No Qualitative Changes in Pkp3 with β-Catenin Loss

Next, we wanted to address if the species of Pkp3 that increased with β-catenin loss had different binding partners, which affects its trafficking in the cytoplasm. It was recently published that a complex of γ-catenin, E-cadherin, and Pkp3 is required to initiate desmosome formation [48]. Since both γ-catenin and Pkp3 are known binding partners, and both were increased with β-catenin loss, we investigated if these proteins associated more readily in the KO livers, possibly contributing to their mutual stabilization.
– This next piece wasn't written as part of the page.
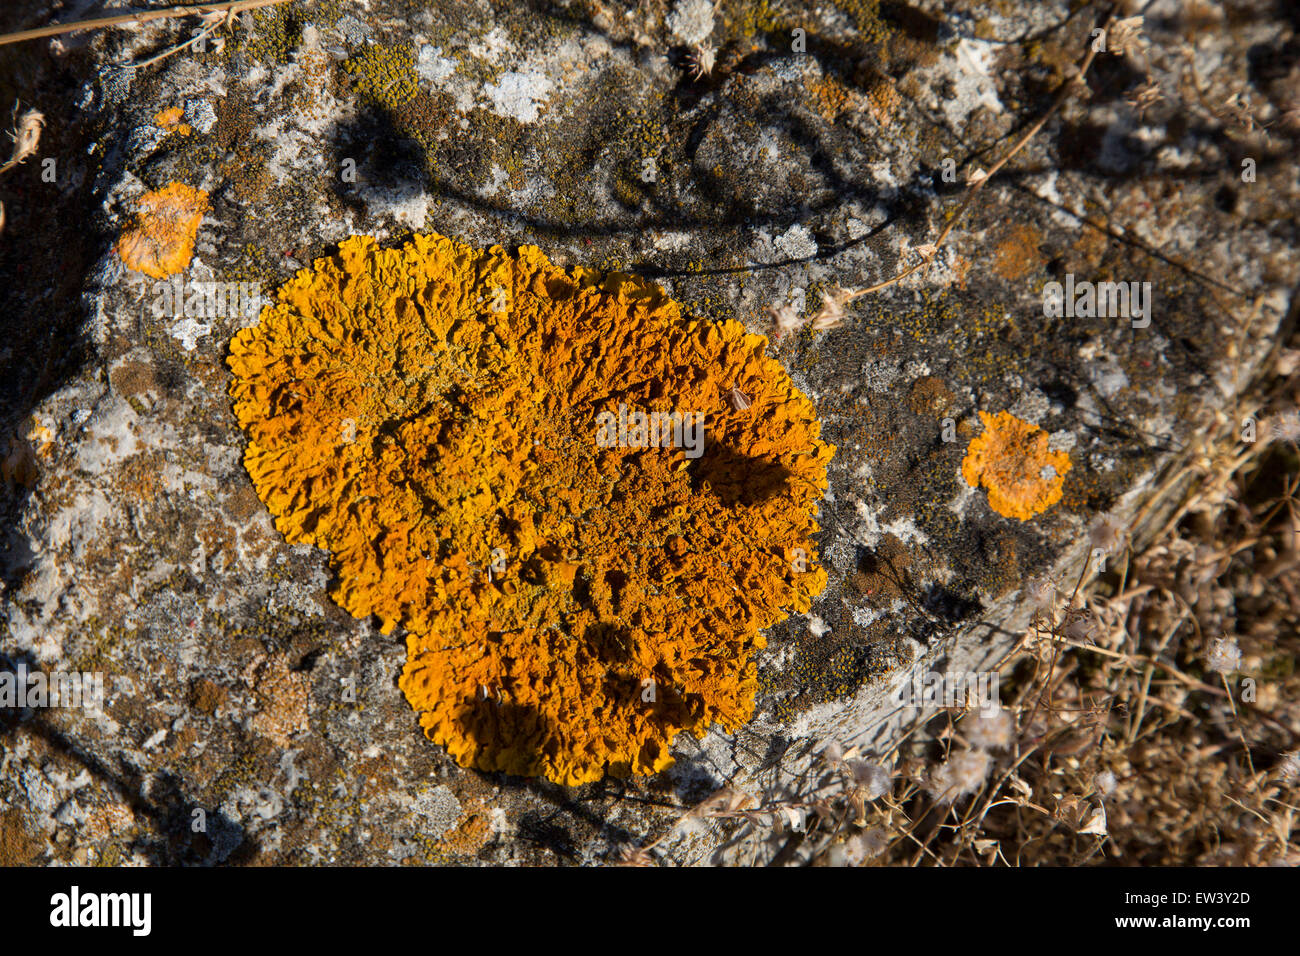 Liquen naranja sobre una roca en Gruissan, Languedoc-Roussillon, Francia. Liquen es un organismo compuesto que surge de las algas o las cianobacterias (o ambos) que viven entre filamentos de un hongo en una relación mutuamente beneficiosa (symbiotoc relación). Toda forma de vida combinada tiene propiedades que son muy diferentes de las propiedades de sus componentes de los organismos. Líquenes vienen en muchos colores, tamaños y formas. Las propiedades son a veces similares a las plantas, pero los líquenes no son plantas. Foto de stock

IP studies show that Pkp3 binding to both E-cadherin and γ-catenin was observed in the S and I (not shown) CAL fractions, but there was no change in Pkp3 association with β-catenin loss (Figure 2D). To further investigate the possible reason for the increase in Pkp3 levels with β-catenin loss, we wanted to see if the increase Pkp3 levels lead to increased nuclear Pkp3, since it has been shown that Pkp3 has the potential to have nuclear functions [49]. Here, we show that there is nuclear Pkp3 in the KO and WT livers, but there is no difference with β-catenin loss (Figure 2E). Therefore, the changes in Pkp3 levels with β-catenin loss cannot be explained by changes in cytoplasmic binding partners or with nuclear localization.

β-Catenin Knockdown in Hep3B Human Hepatoma Cells Induces γ-Cateninto Replicate β-Catenin KO In Vivo

We next investigate if changes in γ-catenin due to chronic β-catenin loss in vivo in hepatocytes can also occur acutely in vitro. siRNA-mediated acute knockdown (KD) of β-catenin increases γ-catenin protein levels in vitro in Hep3B, a human HCC cell line (Figure 3A). As in the in vivo model, siRNA KD of β-catenin induced E-cadherin-γ-catenin coprecipitation in the Hep3B cells compared to the scrambled siRNA-transfected cells (Figure 3B). Reciprocally, γ-catenin co-precipitates to a greater extent with E-cadherin upon β-catenin KD in Hep3B cells (Figure 3B, lower panel). Hence, the in vitro model using Hep3B cells accurately replicates key observations seen in hepatocyte-specific KO mice.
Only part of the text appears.